Sunday August 28, 2022

Pour more money into renewable energy

Pour more money into renewable energy

Illustrative image.

George Skelton, Tribune News Service

The dust-up at the state Capitol over nuclear power is the direct result of politicians either setting unrealistic goals or failing to plan — or both. Most of the blame falls on Gov. Gavin Newsom and his predecessor, Jerry Brown, although the Legislature certainly shares in it.

Brown issued an executive order in 2018 setting an ambitious goal of California using 100% zero-carbon electricity by 2045. Now, Newsom is asking the Legislature to make that goal legally binding.

To hit that mark, California must gradually turn exclusively to renewable power sources such as solar, wind, geothermal and hydroelectric.

But wait: We haven’t developed nearly enough renewable energy to replace our carbon-emitting natural gas power plants — or, Newsom says, the carbon-clean Diablo Canyon nuclear plant on the Central Coast near San Luis Obispo.

It’s California’s last nuclear plant and is scheduled to shut down in 2025.

“A lot of these folks think that if you just declare a goal, it’s self-executing. Well, it’s not,” says Dan Richard, an engineering consultant who formerly headed the California High-Speed Rail Authority.

“You can’t wave a magic wand and have these things appear. It’s not like flipping a light switch. The reality is we’re not on a pace to meet the goals.

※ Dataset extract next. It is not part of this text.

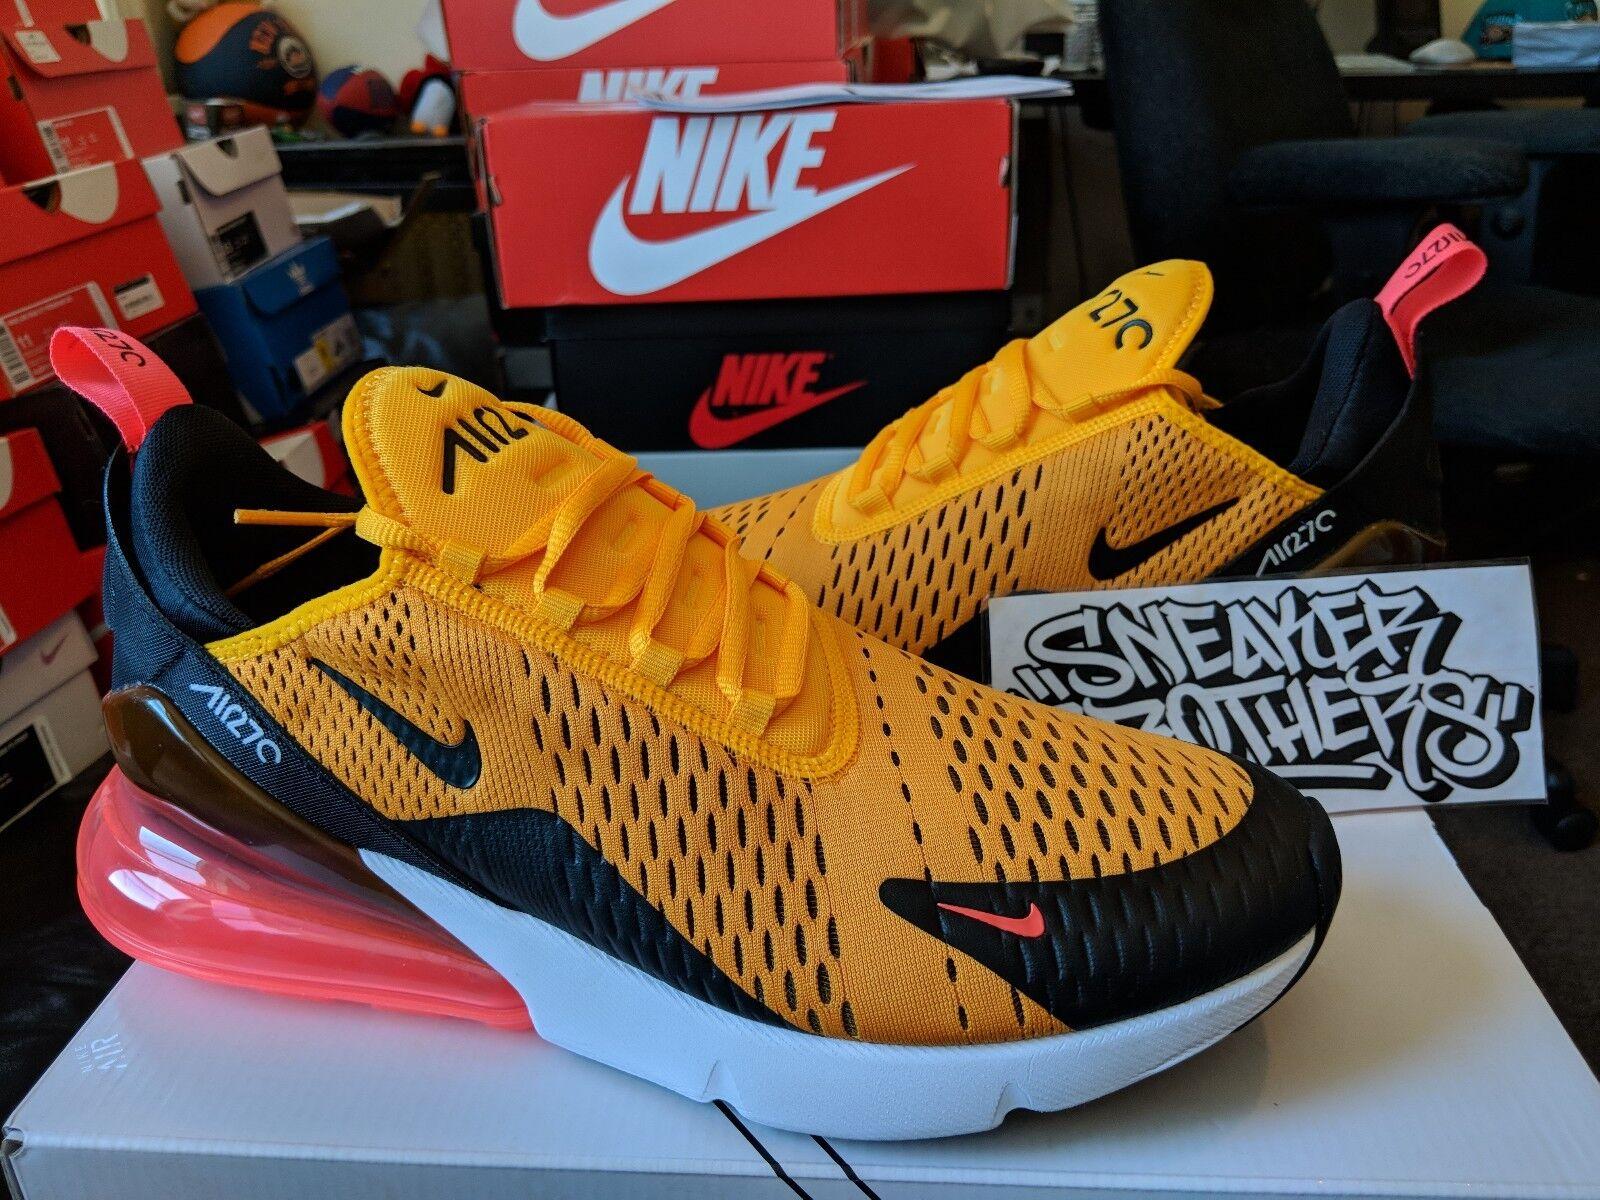 Nike air max 270 tigre nera in oro giallo caldo pugno bianco ah8050-004 university

The pace literally needs to be two to three times faster.”

Richard is executive director of Carbon Free California, an independent group pushing renewable energy. It strongly supports Newsom’s proposal to extend Diablo’s life for 10 more years.

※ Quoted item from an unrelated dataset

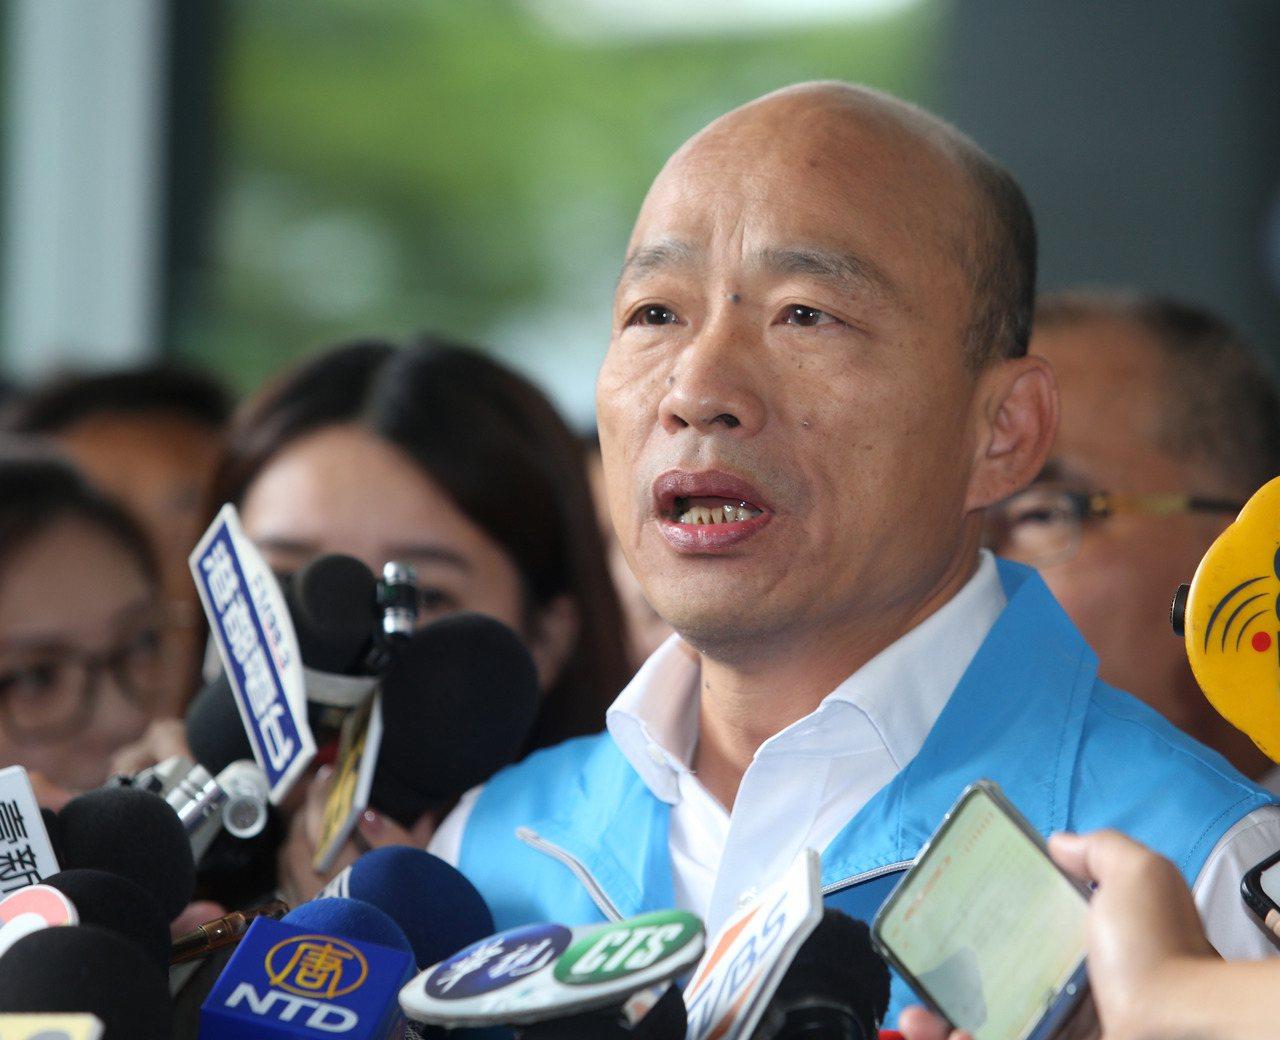 高雄市長韓國瑜宣布昨起請假參選。圖/聯合報系資料照片

The urgent problem is not about failing to meet goals but avoiding politically embarrassing blackouts when Diablo stops generating power. It currently produces 8.5% of California’s electricity and 15% of the carbon-free power.

Hardly anyone loves nuclear power. It has caused public jitters for decades, since the 1979 Three Mile Island accident and the release of a popular movie, “The China Syndrome.”

There’s a particularly scary aspect about Diablo: nearby earthquake faults. But they’re discounted by Diablo advocates.

“There’s always a risk, but I have very high confidence in Diablo,” says Peter Yanev, an earthquake engineering consultant. “Because of its design, it’s likely to be one of the safest places to be in an earthquake.”

What especially scares Newsom is the likely prospect of blackouts after Diablo is shuttered. They’d probably come on his watch.

“Do any of these (legislators) really want to own the next blackout?” Richard says. “The ghost of Gray Davis is hovering over all of us.”

Davis was recalled as governor in 2003 largely because of a lengthy statewide energy crisis. It was created by Texas power pirates such as Enron but handled awkwardly by Davis. “It’s crazy to close down an existing zero-carbon resource in hopes something will show up to replace it,” Richard says.

Newsom is urging the Legislature to pass a bill enabling Diablo to stay open for another decade. But many lawmakers are ticked because he waited until the last minute, Aug. 12. Their two-year session ends Wednesday. Legislative leaders don’t like a governor jamming them.

Diablo is the most contentious issue they’re facing.

A coalition of environmental groups — including the Sierra Club and Natural Resources Defense Council — strongly opposes Newsom’s proposal.

“A dangerous and costly distraction to achieving our shared [zero-carbon] goals,” the coalition asserted in a letter to the Legislature.

The central piece of Newsom’s legislation is a $1.4-billion loan to Diablo’s owner, Pacific Gas & Electric Co., to help pay for deferred maintenance needed to keep the plant operating and the process of seeking a federal license renewal.

But it’s anticipated that the loan wouldn’t need to be repaid because the Biden administration has a $6-billion kitty that states can draw from to help keep nuclear plants open. Handing out the federal money will be Energy Secretary Jennifer Granholm, who was raised in the Bay Area and advocates keeping nuclear plants alive to fight climate change.

“The expectation is that the feds end up paying the cost of most of this, if not all,” says Newsom spokesman Anthony York.

The deadline for applying for that federal money, however, is coming up fast: Sept. 6. That’s why the loan authorisation and a commitment by the Legislature to Diablo is so urgent, York says. The state can’t apply for the federal money without legislative action.

“If we don’t act now, we close the door,” he says.

Some Assembly Democrats have floated a vague proposal to let the plant close as scheduled and spend the $1.4 billion on increasing renewable energy and modernizing the power grid.

York told the Associated Press that proposal felt like “fantasy and fairy dust.”

Frankly, I dismiss the idea because no legislators are willing to attach their names to it. They’re apparently afraid to be seen bucking the governor.

It appears that Newsom and legislative leaders are heading toward a halfway solution: taking steps to keep Diablo operating but not making a firm commitment.

“It wouldn’t be a final decision. It would be an opportunity to make a final decision,” says Sen. John Laird (D-Santa Cruz), who has been leading a compromise effort. “Maybe a quarter of the $1.4 billion.